TRAVIS CLUB: FROM THE HIGHLANDS TO THE SHORE

Located a scant six miles from Loraloma northwest of Austin, Travis Club is a 1,500-acre community on Lake Travis with over 10,000 feet of waterfront. The course from Beau Welling (who is Tiger Woods’ lead architect at TGR Design and designed the West Course at Fields Ranch) is pure Texas Hill country with rugged, rumpled upland holes and a detour down toward the shore on the first nine, highlighted by a heart-pounding all-or-nothing par 3 across the lake. As advertised the site is quite hilly with numerous elevated tee shots, and while most of the real estate sits on the higher ground, the holes dip into lower sections cut by natural drainage gulches and play through rock outcroppings. Most of the course is shaped with an expected opening summer or fall 2026.

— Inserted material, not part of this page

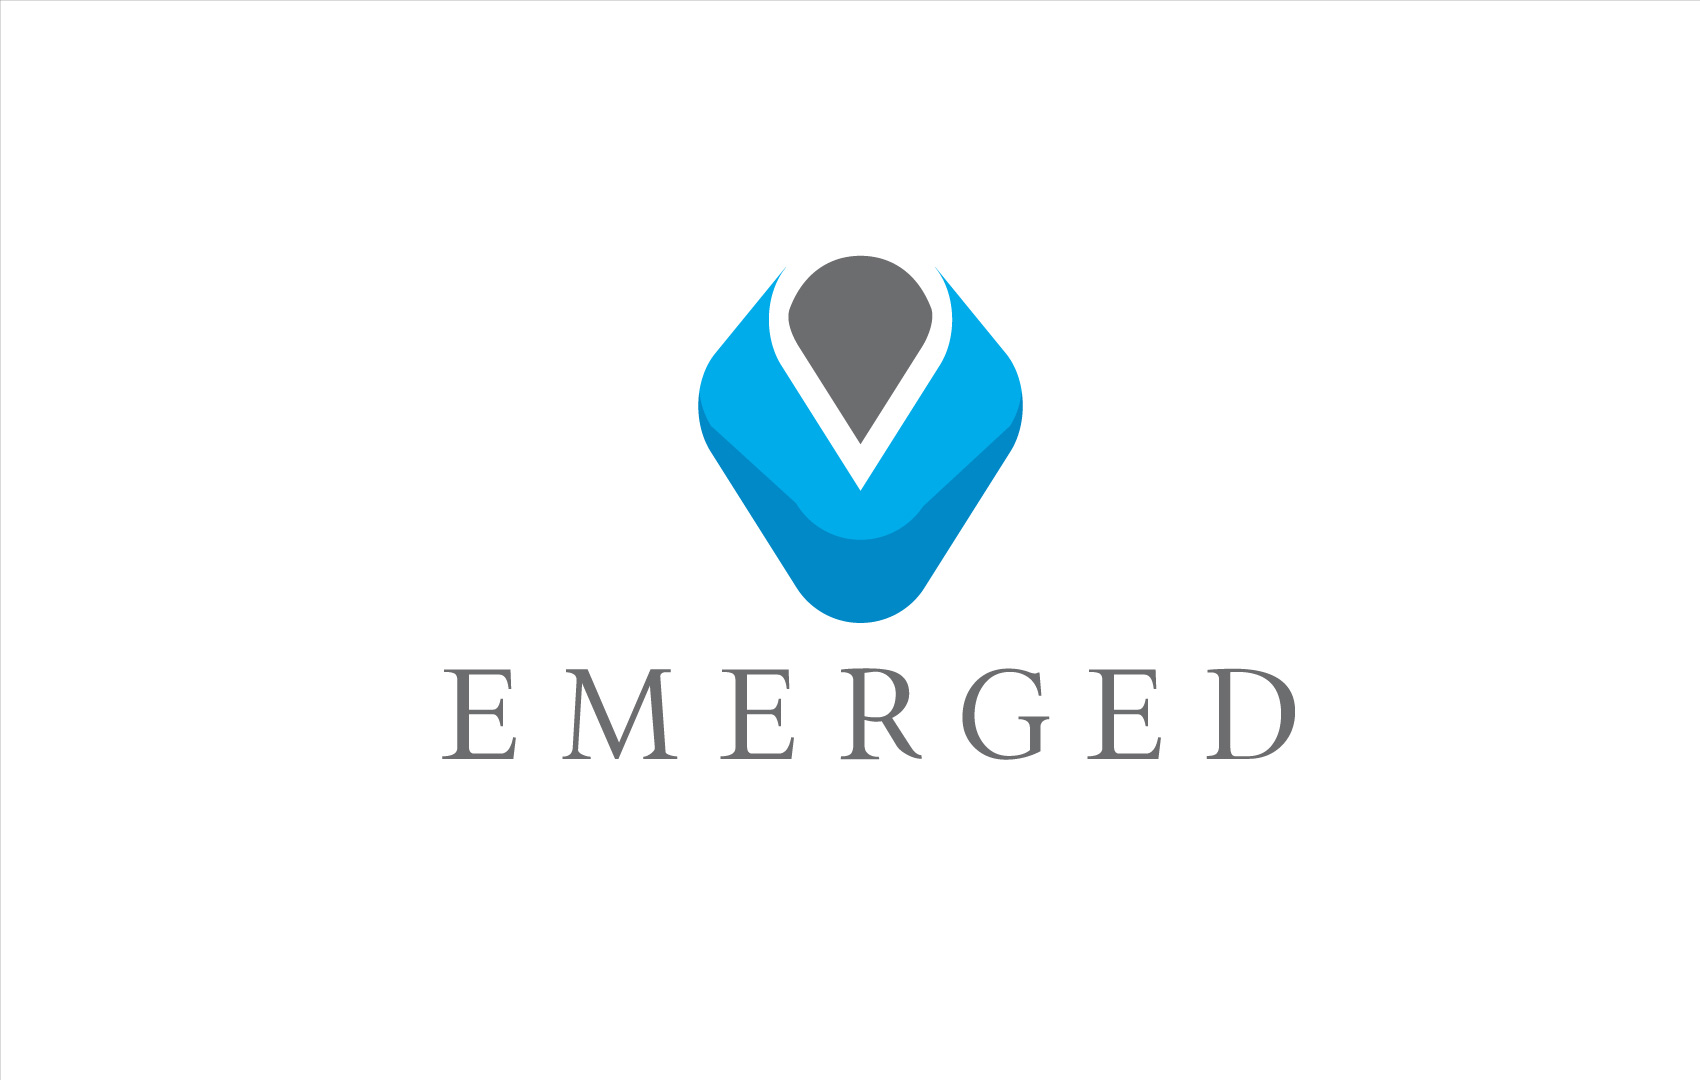 Emerged Identity design by hibriden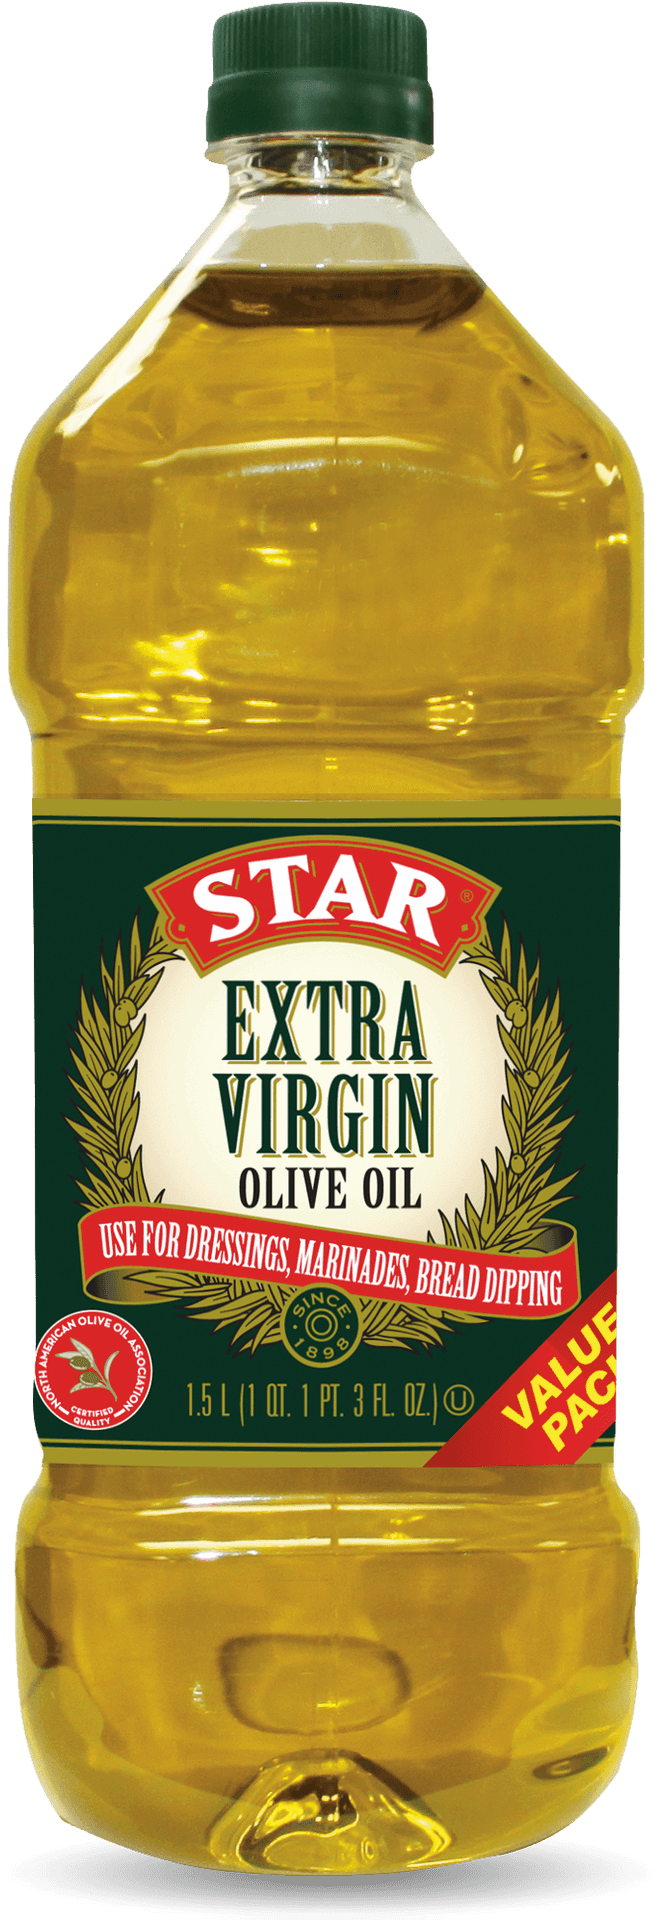 Star Extra Virgin Olive Oil Bottle PNG

FREESTONE: THE BEST OF LAND AND LAKE

Beau Welling has spent so much time in Texas the last several years he’d be paying taxes if the state had them. In addition to the previously mentioned courses where he’s working, as well as three major private club renovations upcoming in the Dallas and Houston markets, he and his team have largely completed shaping at Freestone Lake & Golf Club, a low-density luxury real estate development 70 miles east of Waco. Located on the largest privately owned lake in the state, Welling says it’s one of the most unique sites he seen with 14 holes routed on an island separated from the mainland by a long canal originally constructed as a cooling trough for a nearby power plant. The significant topography, much of it provided by old spoils from the plant, provides views of the water from nearly every hole, and 13 of them play along either the canal or on the shore of the lake (as do four holes of an additional short course). A mid-to-late 2026 opening is likely.